Multipart upload allows you to upload a single object as a set of parts. Each part is a contiguous portion of the object's data. You can upload these object parts independently and in any order. If transmission of any part fails, you can retransmit that part without affecting other parts. After all parts of your object are uploaded, Amazon S3 assembles these parts and creates the object. In general, when your object size reaches 100 MB, you should consider using multipart uploads instead of uploading the object in a single operation. For more information about multipart uploads , see Uploading and copying objects using multipart upload in Amazon S3. For limits related to multipart uploads, see Amazon S3 multipart upload limits.

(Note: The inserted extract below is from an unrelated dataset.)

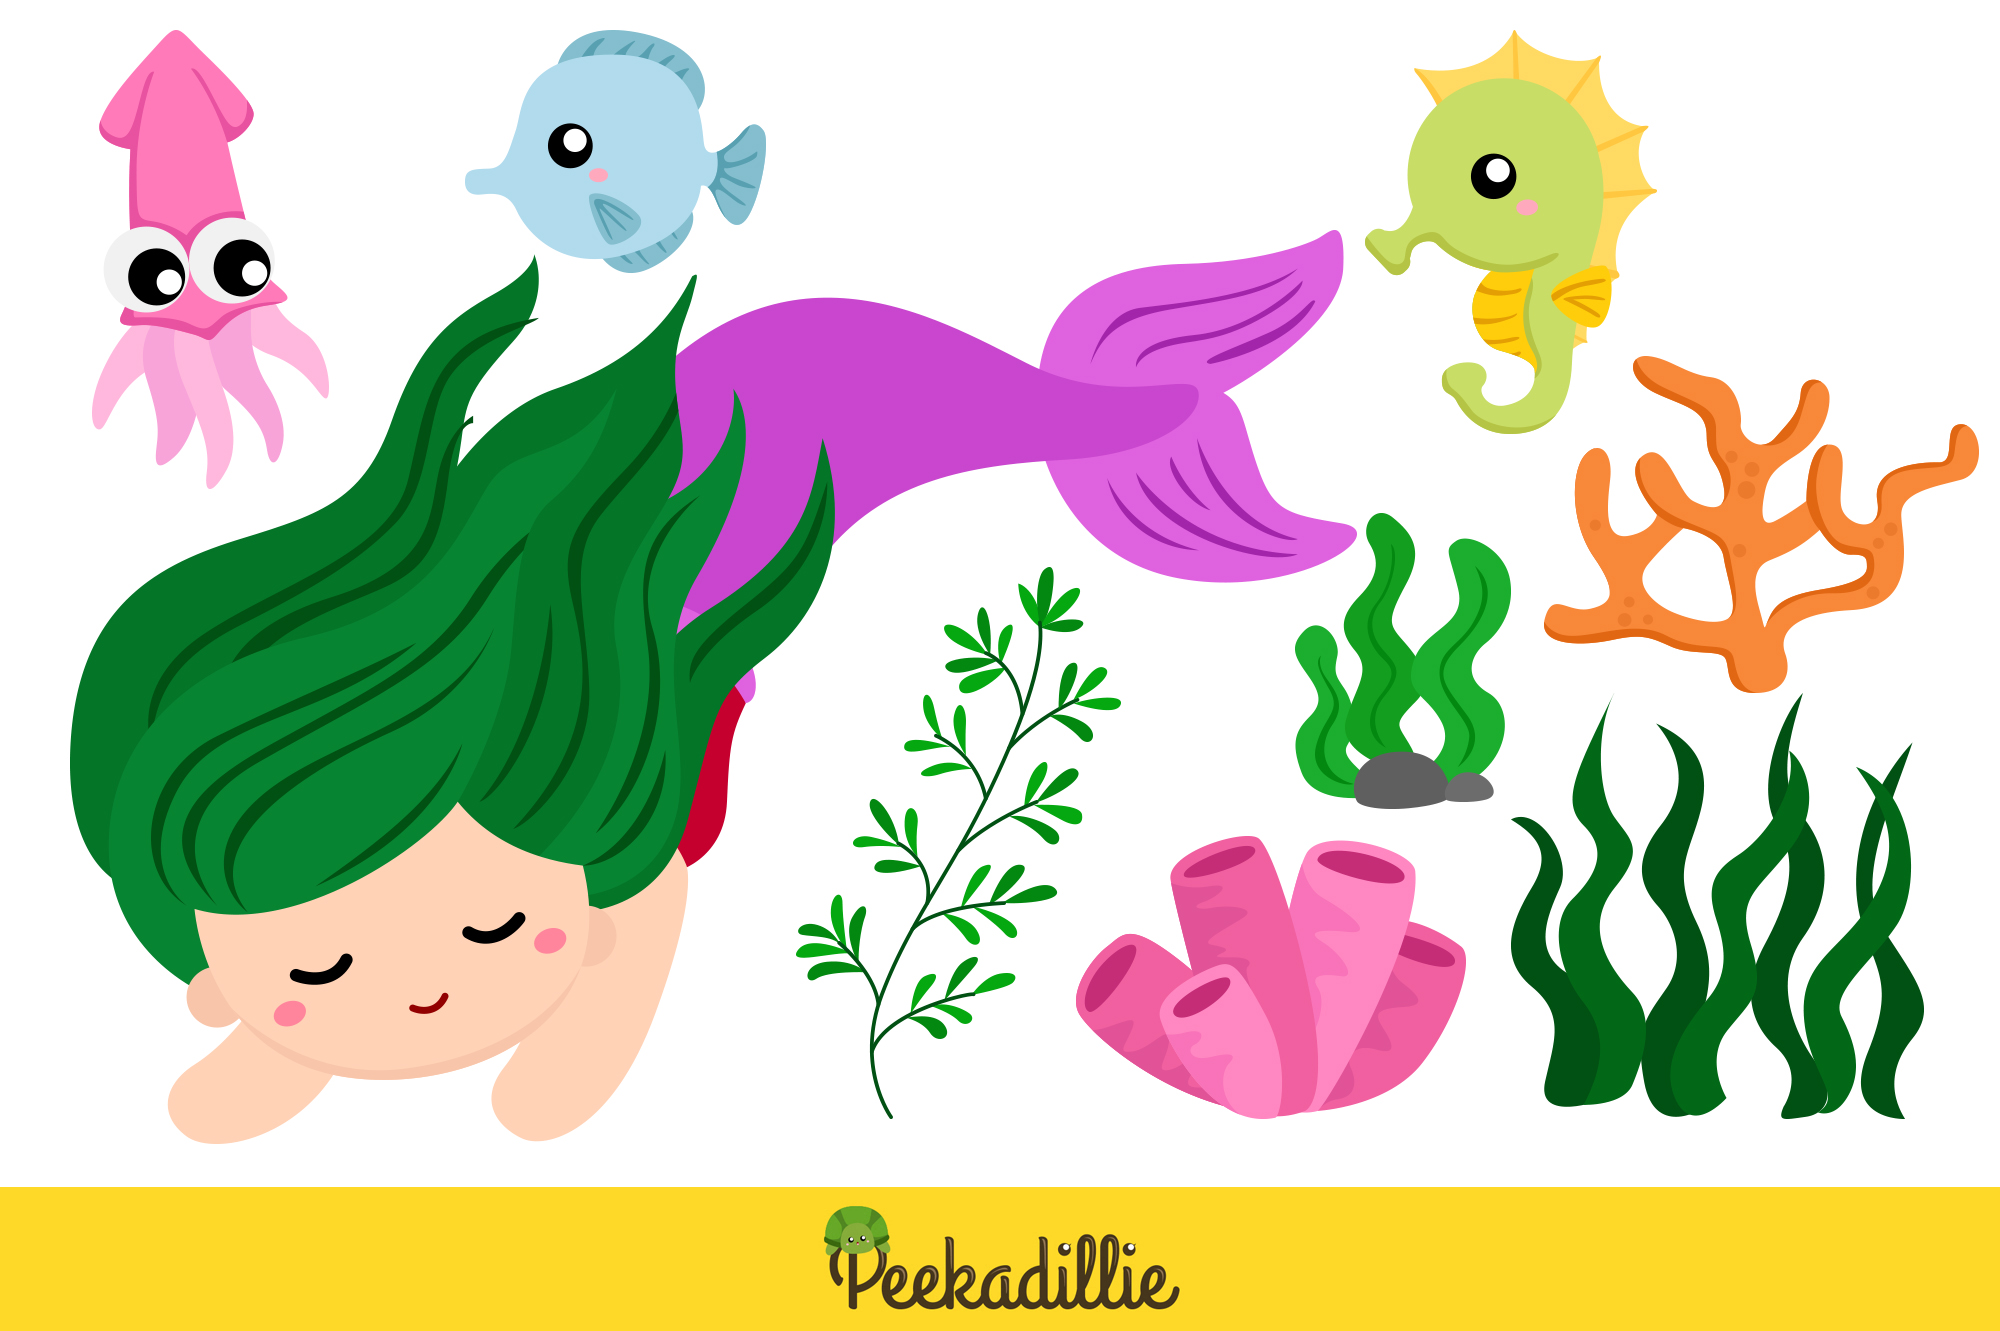 Little girl with green hair under the sea.

You can use checksums to verify that assets are not altered when they are copied. Performing a checksum consists of using an algorithm to iterate sequentially over every byte in a file. Amazon S3 offers multiple checksum options for checking the integrity of data. We recommend that you perform these integrity checks as a durability best practice and to confirm that every byte is transferred without alteration. Amazon S3 also supports the following algorithms: SHA-1, SHA-256, CRC32, and CRC32C. Amazon S3 uses one or more of these algorithms to compute an additional checksum value and store it as part of the object metadata. For more information about checksums, see Checking object integrity in Amazon S3.

Objective

In this tutorial, you will learn how to upload an object to Amazon S3 by using a multipart upload and an additional SHA-256 checksum through the AWS Command Line Interface (AWS CLI). You’ll also learn how to check the object’s data integrity by calculating the MD5 hash and SHA-256 checksum of the uploaded object.

Prerequisites

  • Before you start this tutorial, make sure that you have access to an Amazon S3 bucket that you can upload to. For more information, see Creating a bucket.

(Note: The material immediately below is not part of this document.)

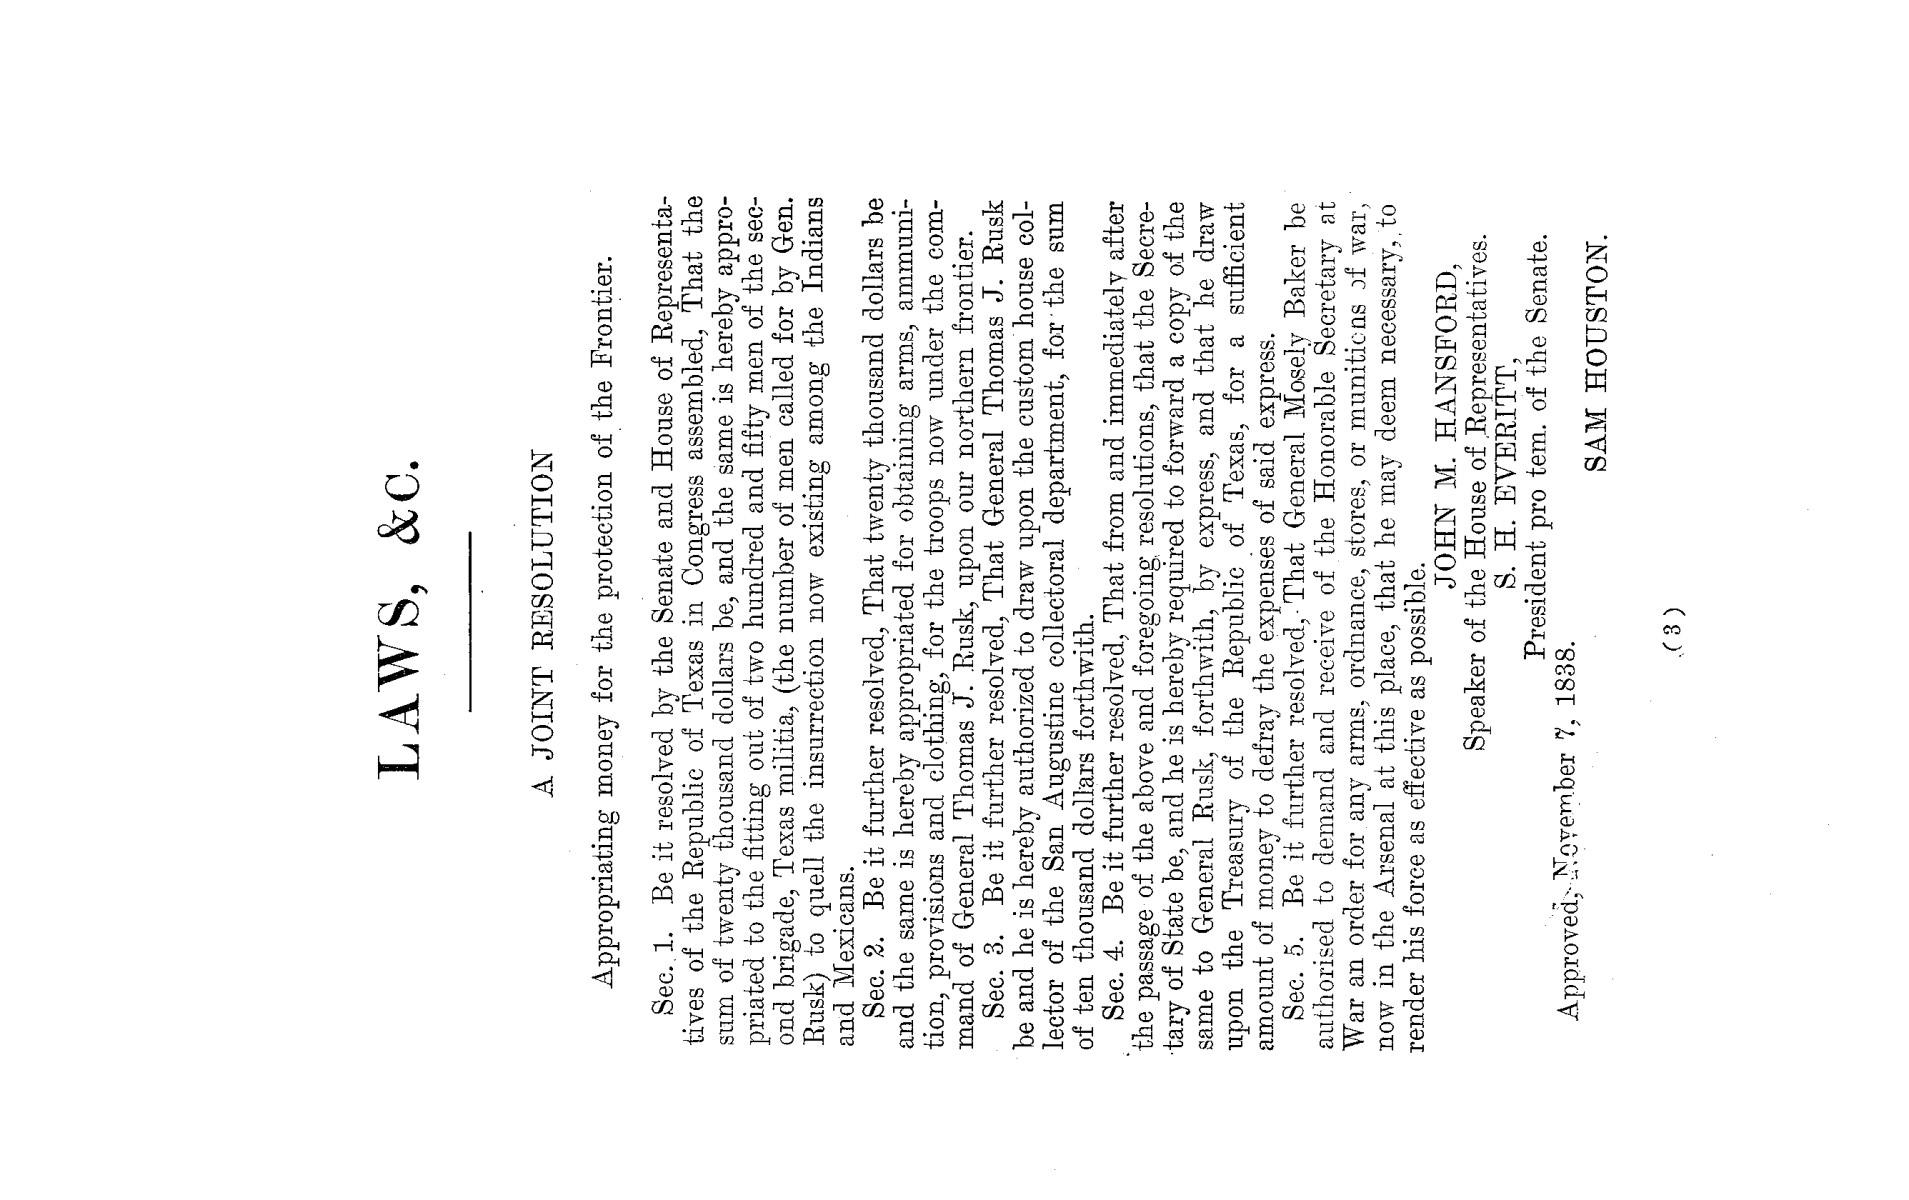 The Laws of Texas, 1822-1897 Volume 2
                                                
                                                    3

  • You must have the AWS CLI installed and configured. If you don’t have the AWS CLI installed, see Install or update to the latest version of the AWS CLI in the AWS Command Line Interface User Guide.

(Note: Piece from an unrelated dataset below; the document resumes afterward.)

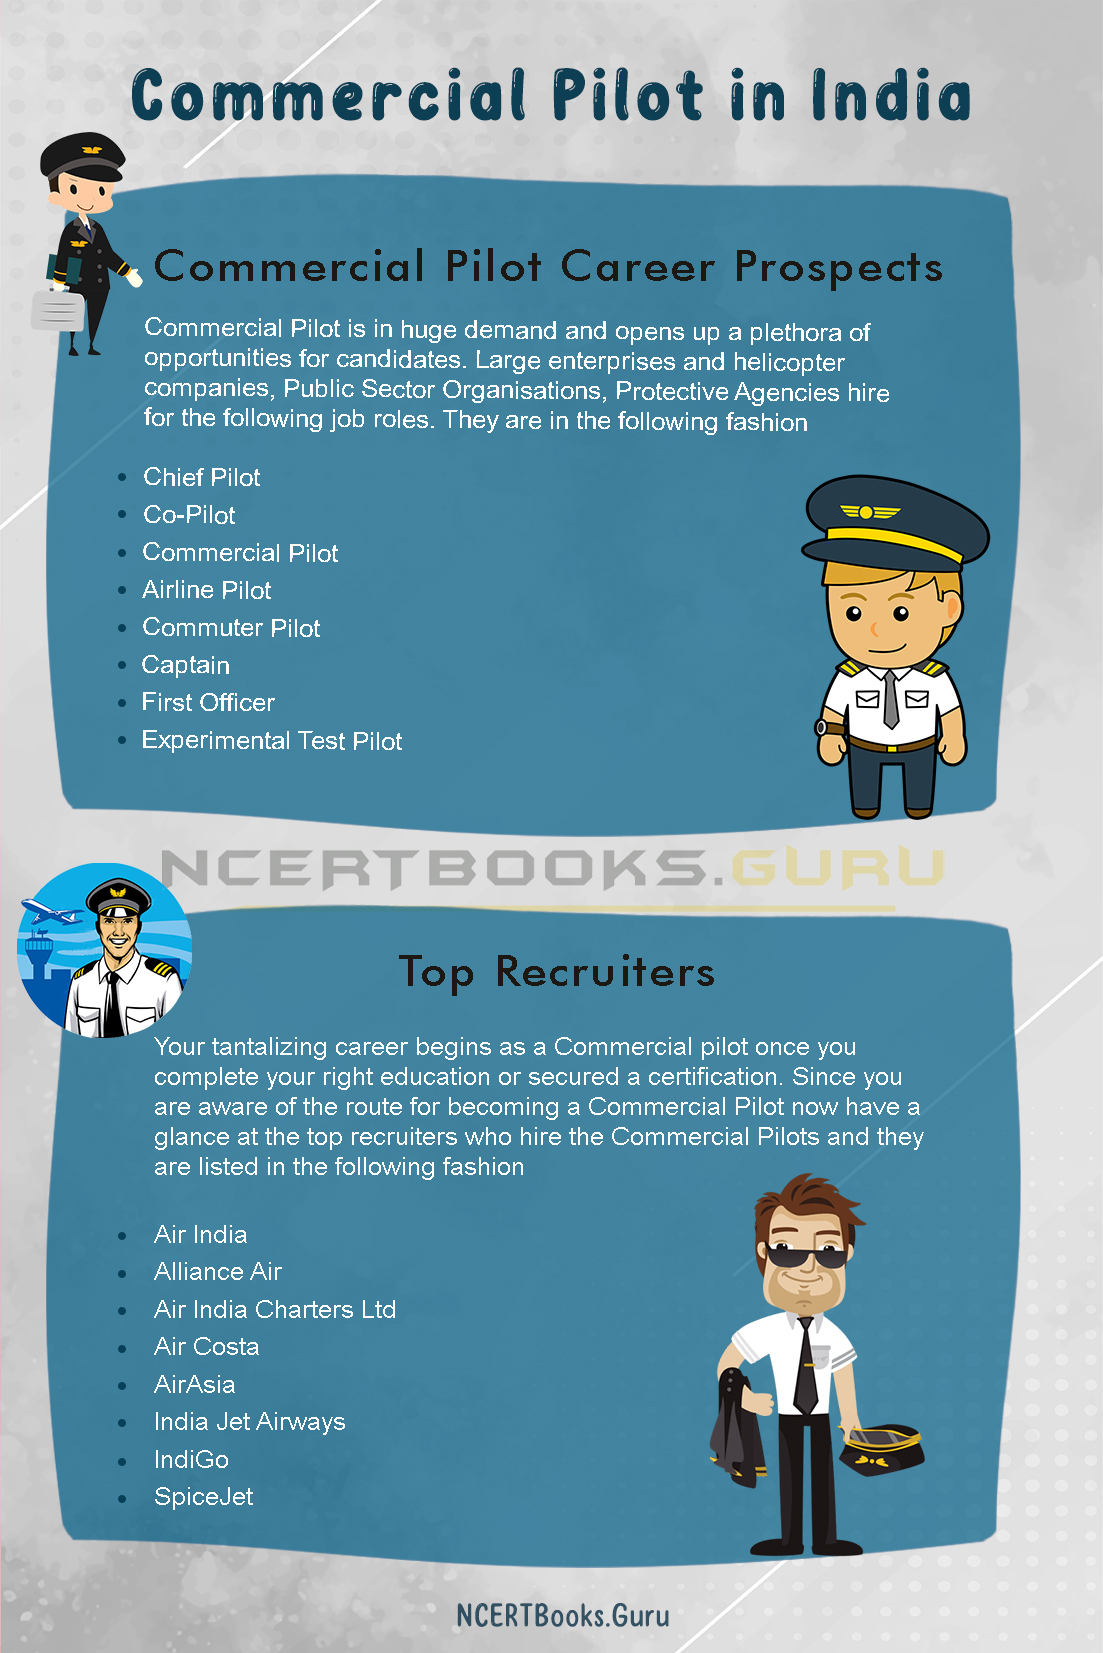 Commercial Pilot in India 2

  • Alternatively, you can run AWS CLI commands from the console by using AWS CloudShell. AWS CloudShell is a browser-based, pre-authenticated shell that you can launch directly from the AWS Management Console. For more information, see What is CloudShell? and Getting started with AWS CloudShell in the AWS CloudShell User Guide.

Step 1: Create a large file

If you already have a file ready for upload, you can use the file for this tutorial. Otherwise, create a 15 MB file using the following steps. For limits related to multipart uploads, see Amazon S3 multipart upload limits.

To create a large file

Use one of the following commands to create your file, depending on which operating system you're using.

Linux or macOS

To create a 15 MB file, open your local terminal and run the following command:

dd if=/dev/urandom of=census-data.bin bs=1M count=15

This command creates a file named census-data.bin filled with random bytes, with a size of 15 MB.

Windows

To create a 15 MB file, open your local terminal and run the following command:

fsutil file createnew census-data.bin 15728640

This command creates a file named census-data.bin with a size of 15 MB of arbitrary data (15728640 bytes).

Step 2: Split the file into multiple files

To perform the multipart upload, you have to split your large file into smaller parts. You can then upload the smaller parts by using the multipart upload process. This step demonstrates how to split the large file created in Step 1 into smaller parts. The following example uses a 15 MB file named census-data.bin.

To split a large file into parts

Linux or macOS

To divide the large file into 5 MB parts, use the split command. Open your terminal and run the following:

split -b 5M -d census-data.bin census-part

This command splits census-data.bin into 5 MB parts named census-part**, where ** is a numeric suffix starting from 00.

Windows

To split the large file, use PowerShell. Open Powershell, and run the following script:

$inputFile = "census-data.bin" $outputFilePrefix = "census-part" $chunkSize = 5MB $fs = [System.IO.File]::OpenRead($inputFile) $buffer = New-Object byte[] $chunkSize $fileNumber = 0 while ($fs.Position -lt $fs.Length) { $bytesRead = $fs.Read($buffer, 0, $chunkSize) $outputFile = "{0}{1:D2}" -f $outputFilePrefix, $fileNumber $fileStream = [System.IO.File]::Create($outputFile) $fileStream.Write($buffer, 0, $bytesRead) $fileStream.Close() $fileNumber++ } $fs.Close()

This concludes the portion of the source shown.